[Given information — start]

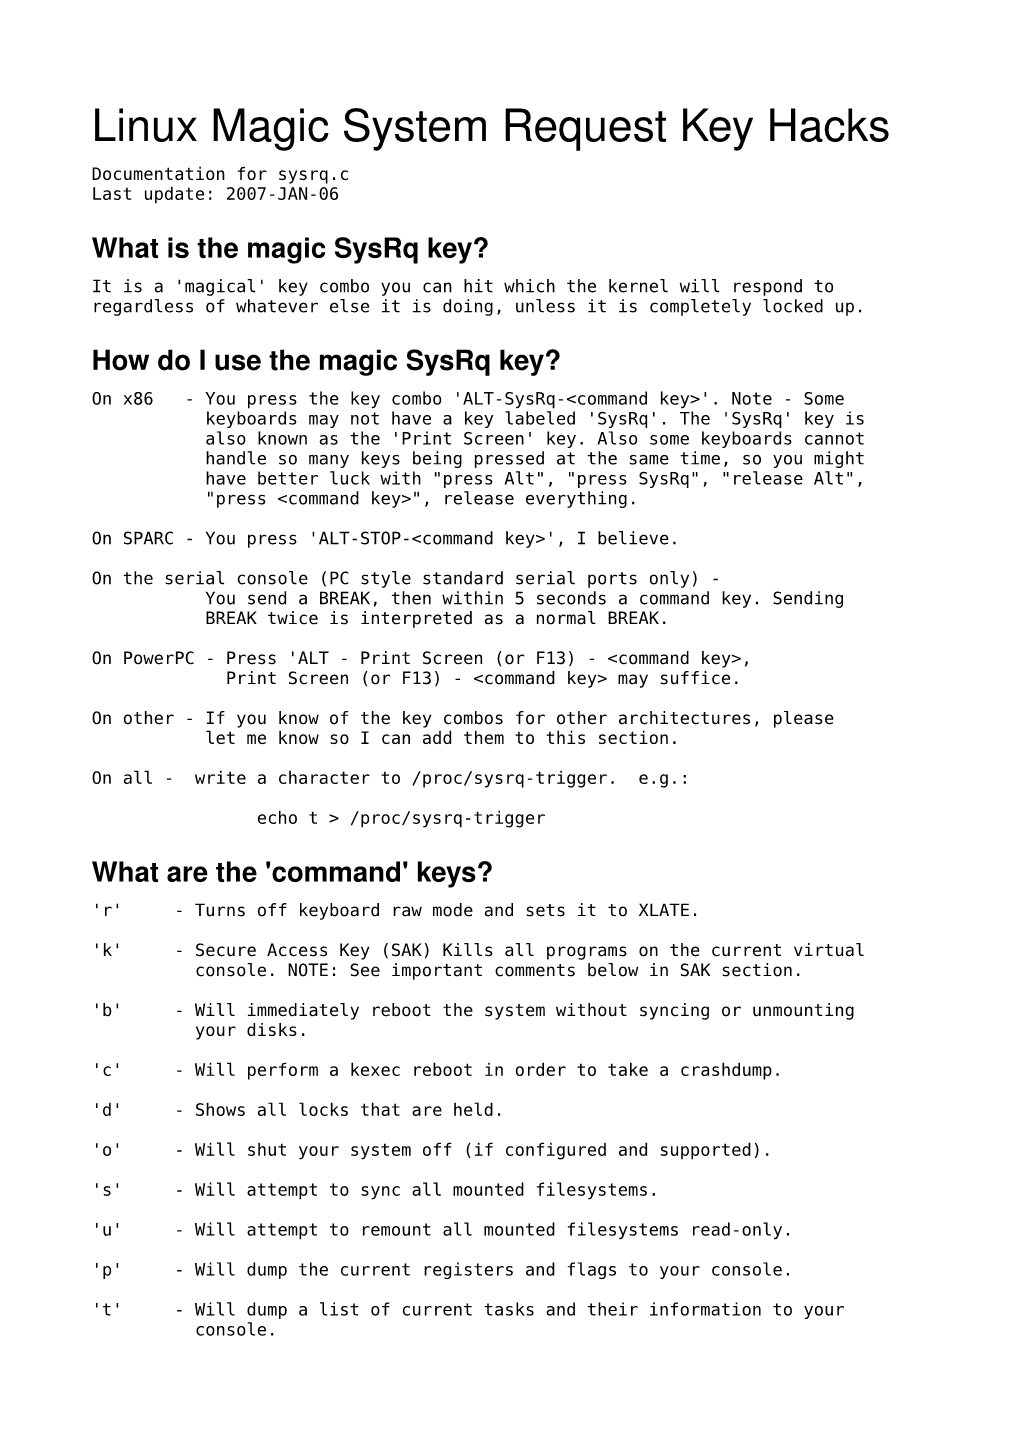 Linux Magic System Request Key Hacks Documentation for Sysrq.C Last Update: 2007-JAN-06
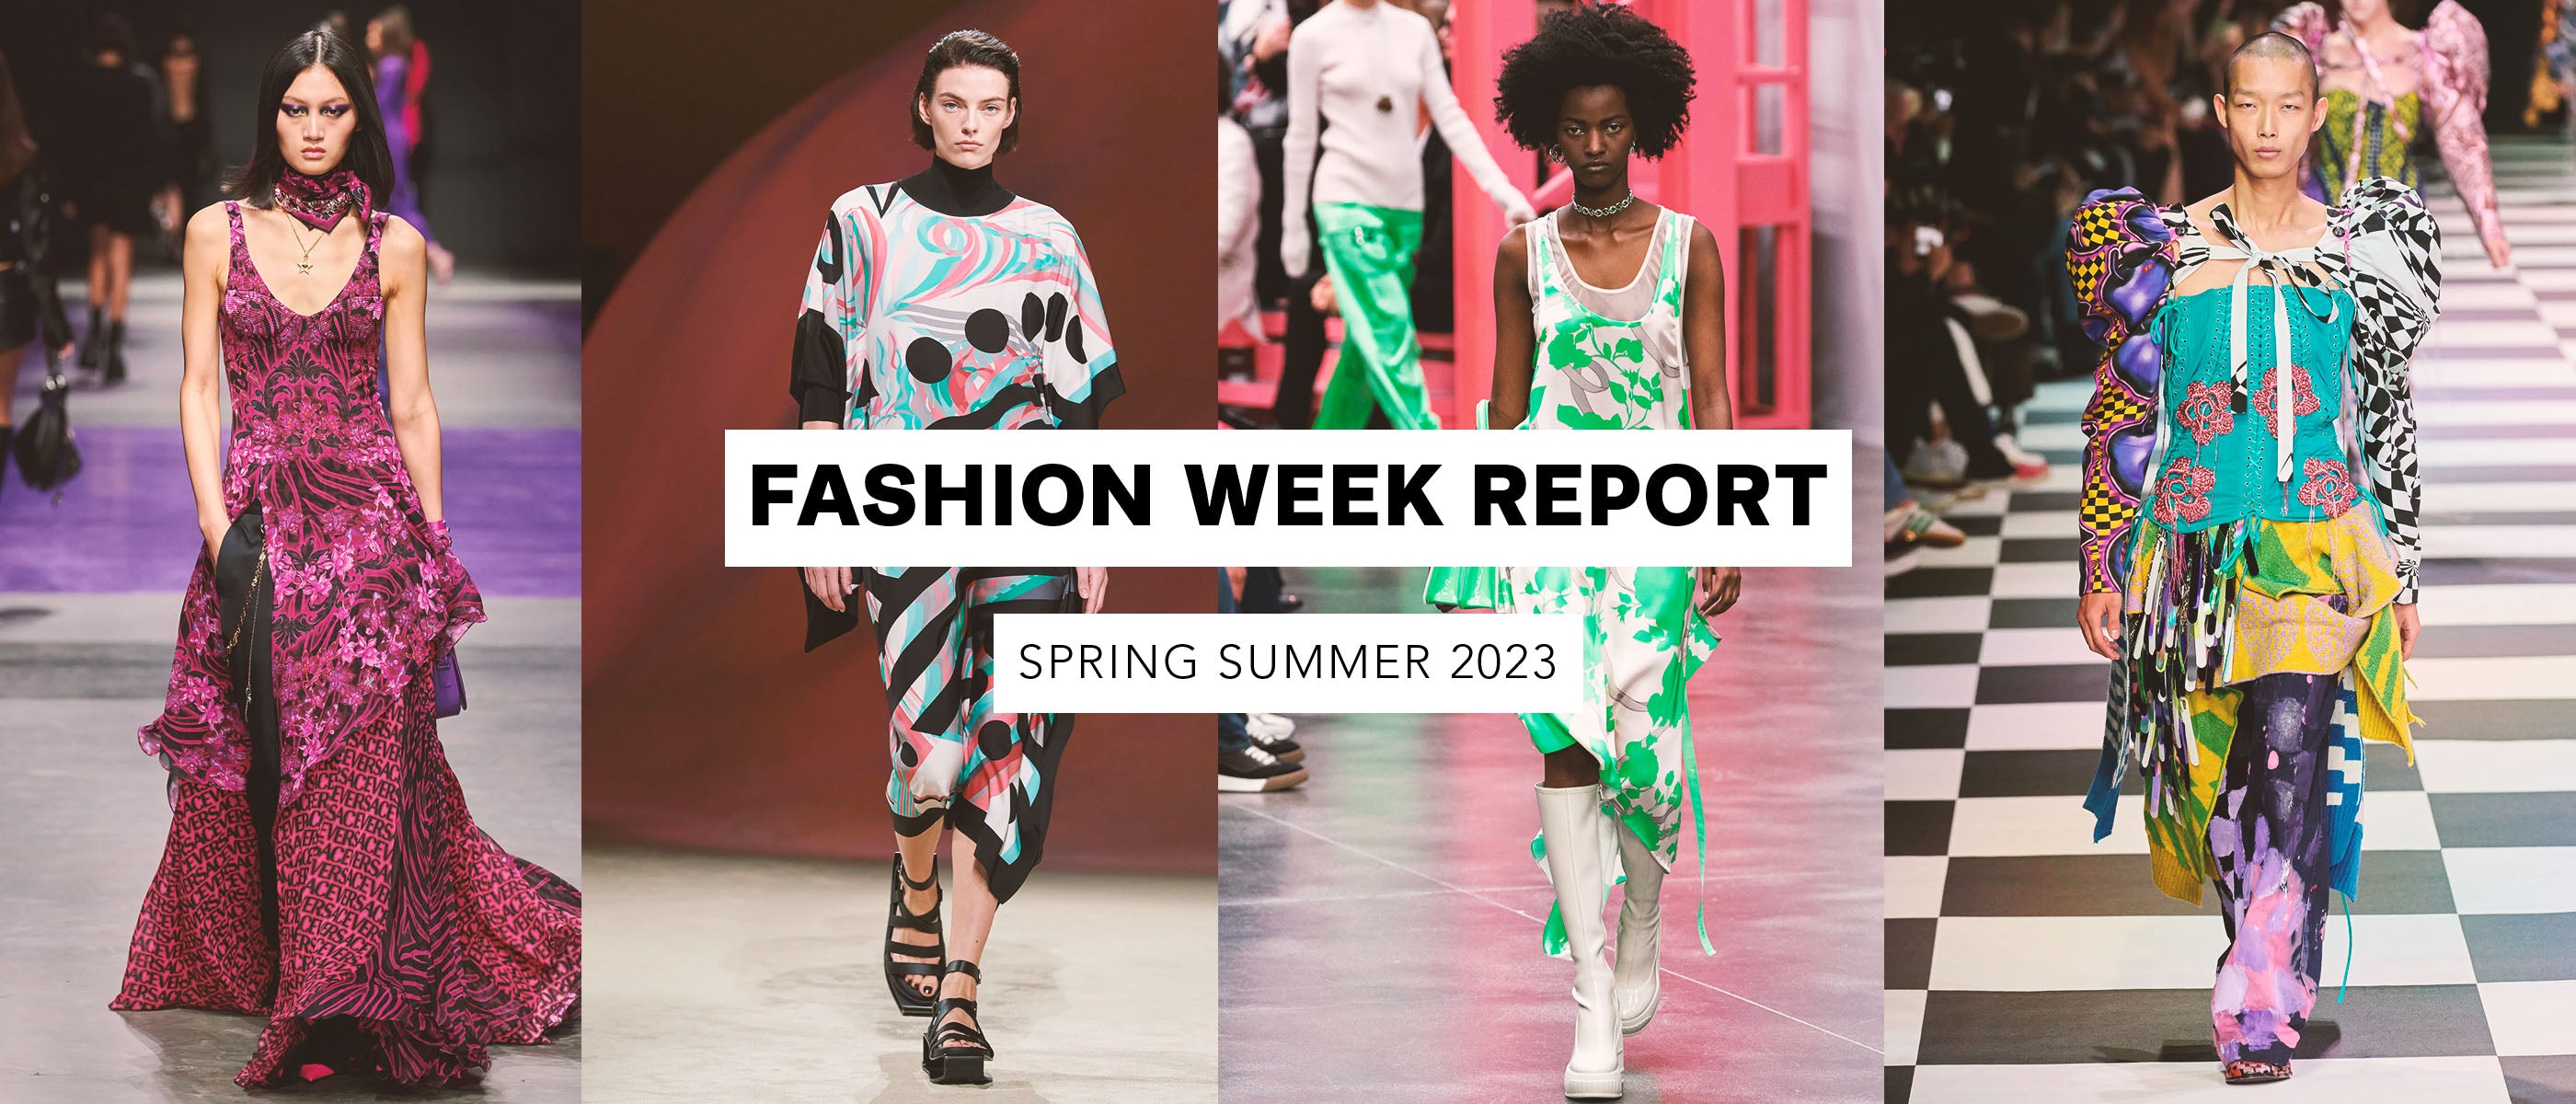 Spring 2021 Trends From Milan Fashion Week Runways
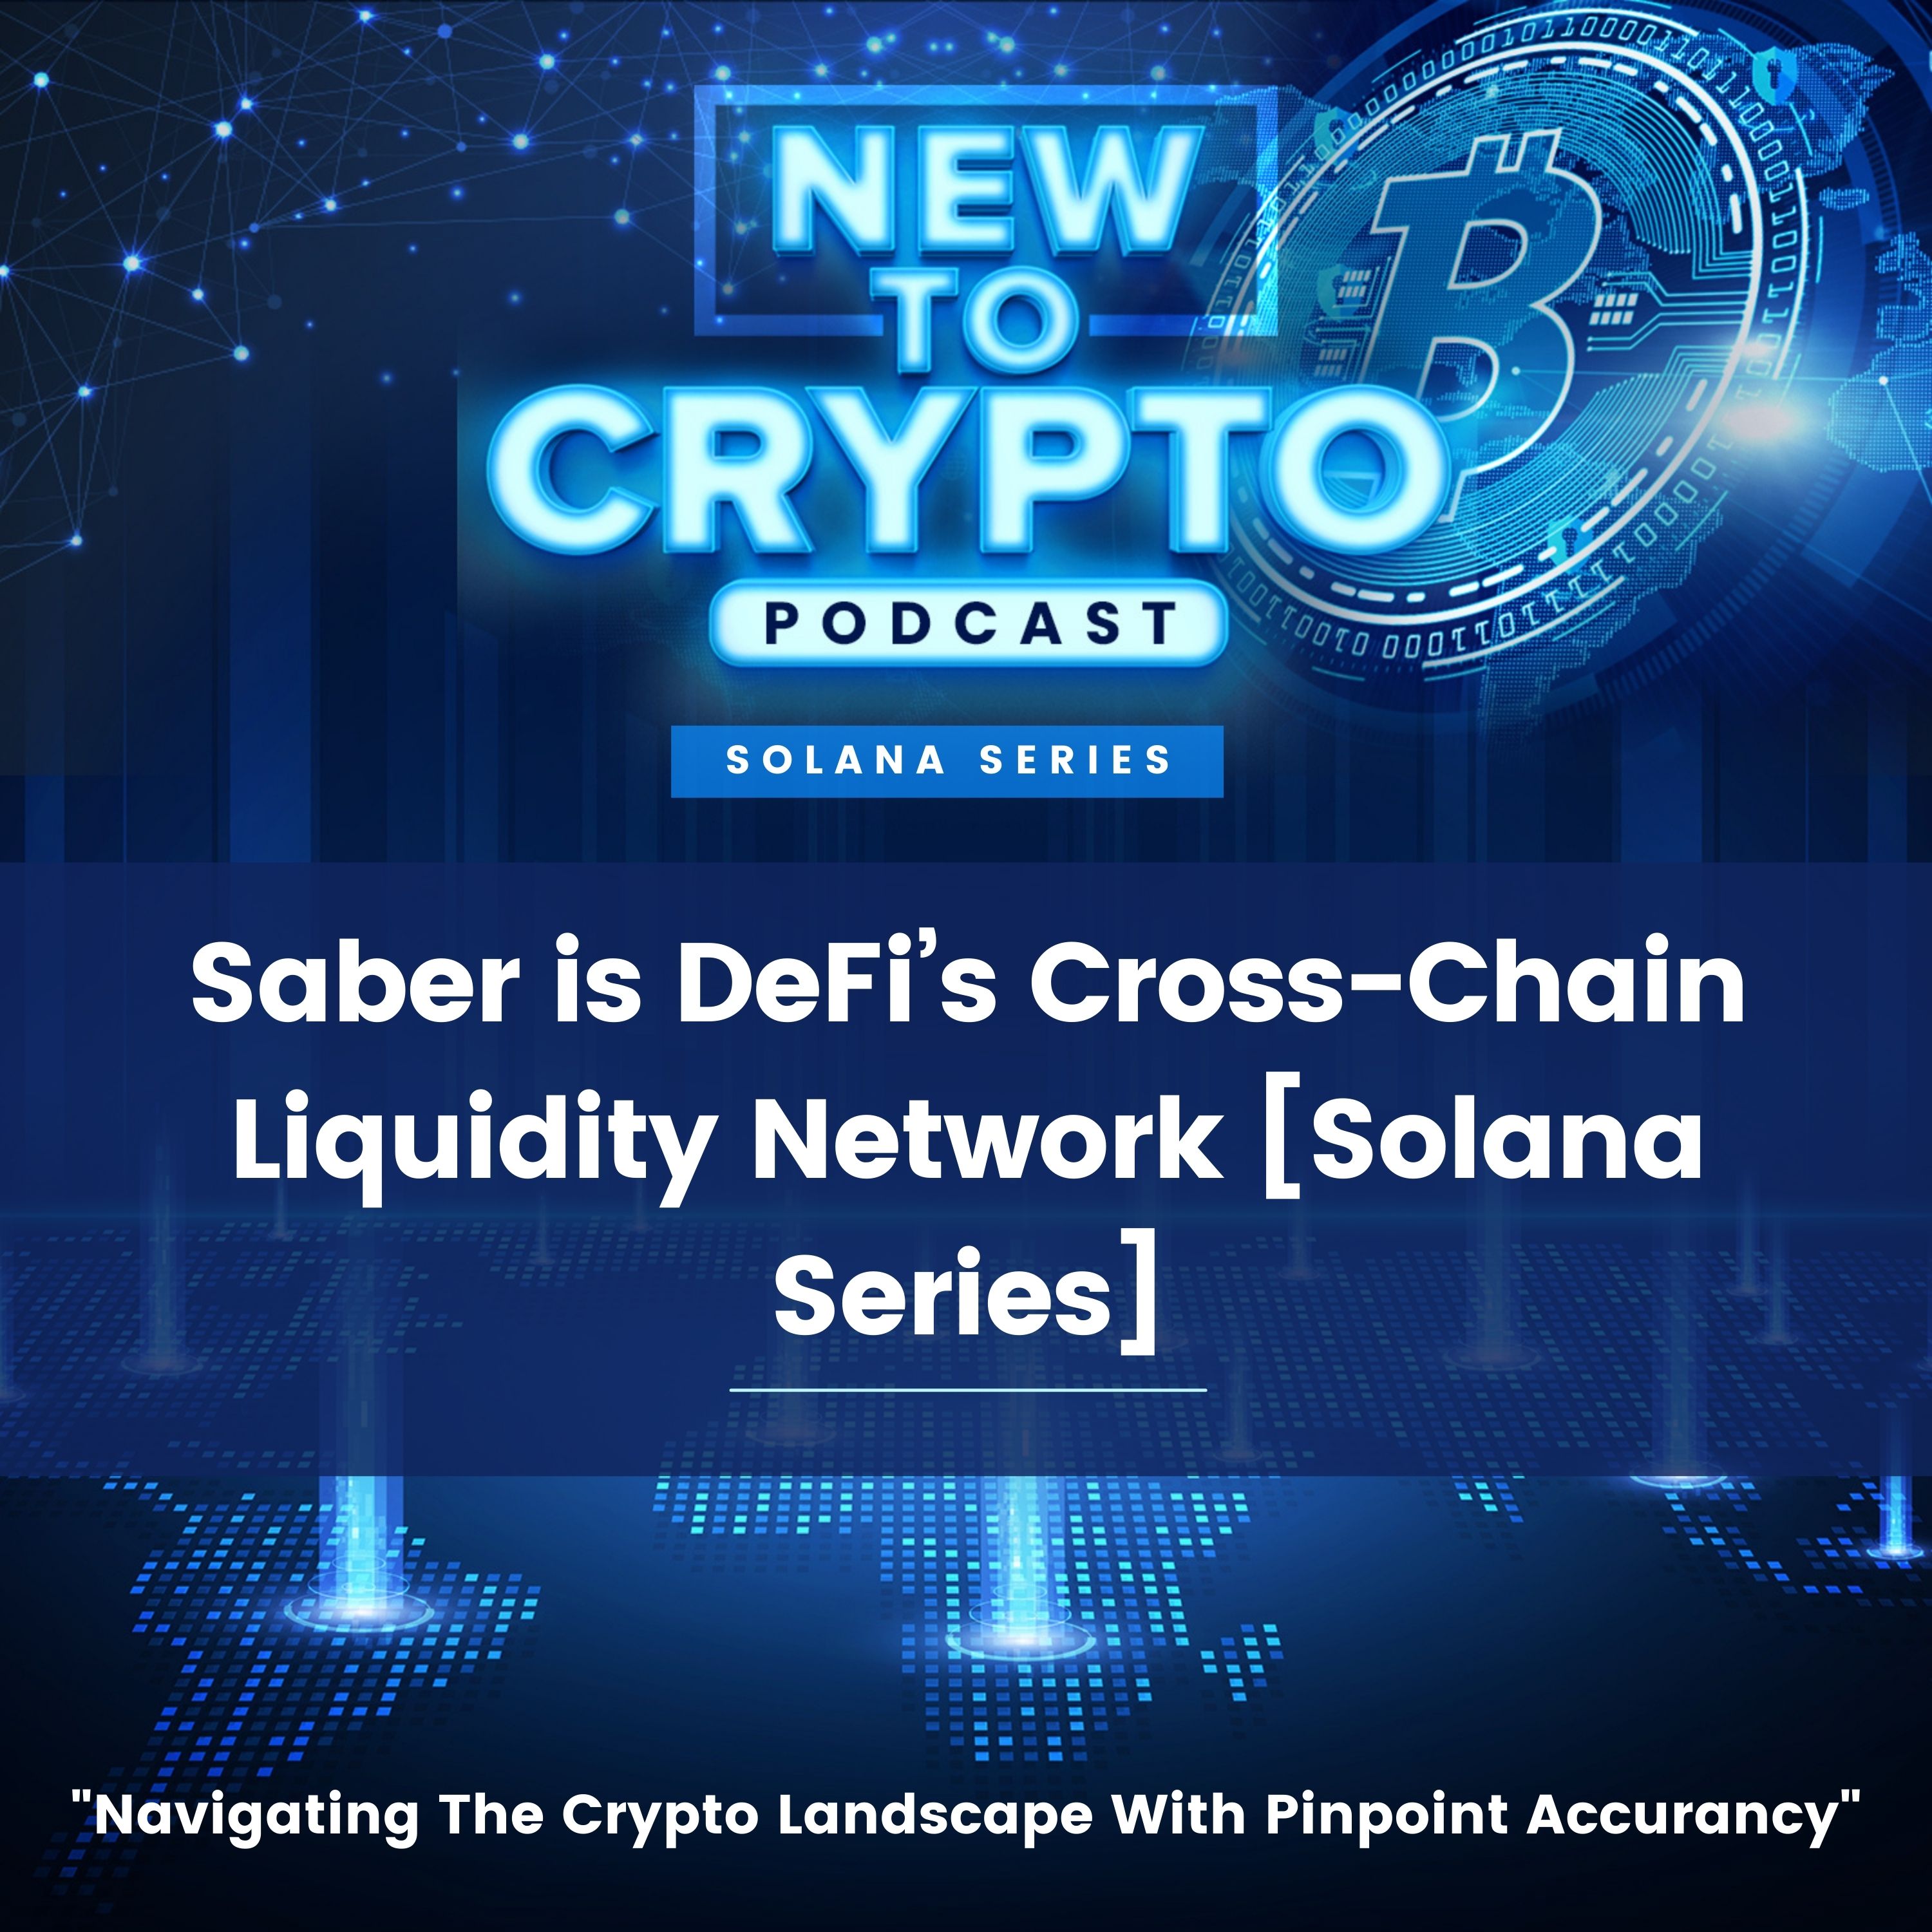 Saber is DeFi’s Cross-Chain Liquidity Network [Solana Series]

[Given information — finish]

▶ _Problem statement_
Only the lines from the one with "Spring 2021 Trends" through the end of the listing should be transcribed, exactly and without pictures.

▶ _Response_
 Spring 2021 Trends From Milan Fashion Week Runways
 Saber is DeFi’s Cross-Chain Liquidity Network [Solana Series]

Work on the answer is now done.